For practical purposes the last word on "nature" was uttered by John Stuart Mill in his essay of that name 140 years ago. Mill demolished the tendency to believe that what is natural is good by pointing out that few torturers inflict as much pain as nature unthinkingly does on millions of the sick and dying.
As to the view that we must - as Prince Charles has it - work with nature rather than against her, the answer is that we have no choice. Human action uses some of the forces of nature to control or thwart others of those forces. Rationality is a matter of doing so in ways that - within the limits of human foresight - don't come back to plague us.
So the ethics of policy-making are interesting in a quiet sort of way. Given the uncontroversial thought that governments should secure the general welfare on fair terms, while respecting the human rights of the citizenry, most policy issues are instrumental, and most difficult questions are factual.
But some ethical issues are certainly more than instrumental - transparency and openness not only make for good policy and bring the public along with that policy, they also embody the moral view that a grown-up public must be treated as such.
And there are concepts, such as "the precautionary principle", that badly need rethinking. If it means we may never do anything that might go wrong, we'd never get the car out of the garage. If it only means we ought to be careful, it has no bite - nobody ever advocates thoughtlessly blundering ahead. Somewhere in between lies good sense.
GM crops have replaced paedophilia as the focus for public panic. Thus far, neither Government, nor press, nor the consumer and environmental lobby has emerged with credit.
The incapacity of most discussants to stick to one issue at a time has been impressive, but gloom-inducing. Friends of the Earth's, the Consumers' Association's and Greenpeace's style has moved from "it might damage your health" via "it might kill ladybirds" through "Monsanto is a nasty monopoly" to "we need to know what we're eating" and then back again.
No anxiety can be laid to rest, as the stirrers-up change the question as soon as it shows signs of being answered - confusing every issue.
But there are four truths worth noting. First, the idea that we should only allow people to produce what there is a real need for, is dotty. If every inventor had to show a need for what they'd invented, we'd be using packhorses and walking, and our life expectancy would be about 35. GM crops so far are dispensable, though they have saved farmers money in the US and have probably been good for the land by reducing ploughing.
Second, the environmental damage done by industrialised farming should be tackled by rebuilding the subsidy regime - Europe's Common Agricultural Policy is the target, not GM crops.
Third, too much theology is about: the Soil Association was created by upper-class ladies in the 1900s as an affiliate of spiritualism, and its adherents behave like a religious sect today: calling a small amount of possible cross-breeding "pollution" is just as superstitious.
Fourth, consumers certainly ought to know what they are eating: when they were offered GM tomato paste that was less watery and cheaper, they bought it.

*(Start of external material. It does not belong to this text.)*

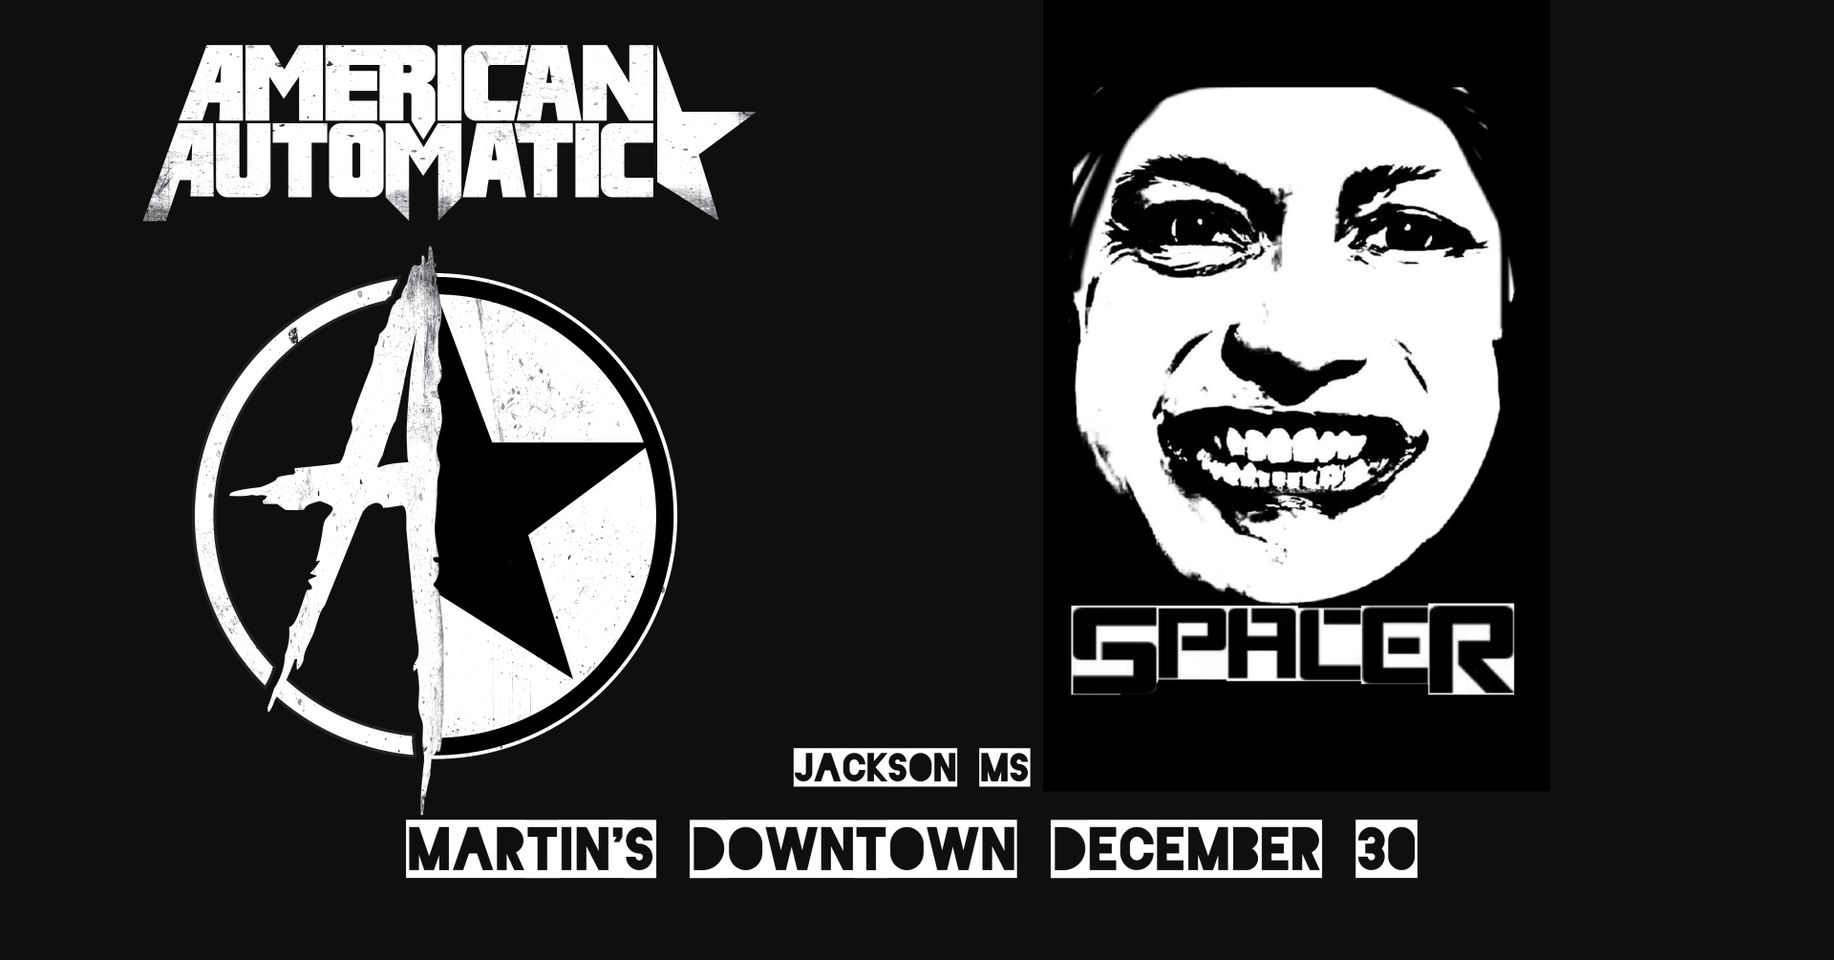 American Automatic & Spacer Live at Martin’s Downtown

Monsanto may or may not be greedy, but, if its managers are rational, they won't destroy the business by poisoning the customer - hundreds of millions of whom have been eating GM soya for several years - or by producing seeds that have no advantages over those from conventional breeders.
But it is unlikely commercial interest alone will drive research in the direction of what would do the environment most good - fixing nitrogen in the roots of cereals, for instance. It is an irony of Government policy that there are now almost no much-needed, public plant-breeding facilities.
And the public - the victim of Guardian mendaciousness as much as Daily Mail and Express silliness - has been let down by people who ought to know better.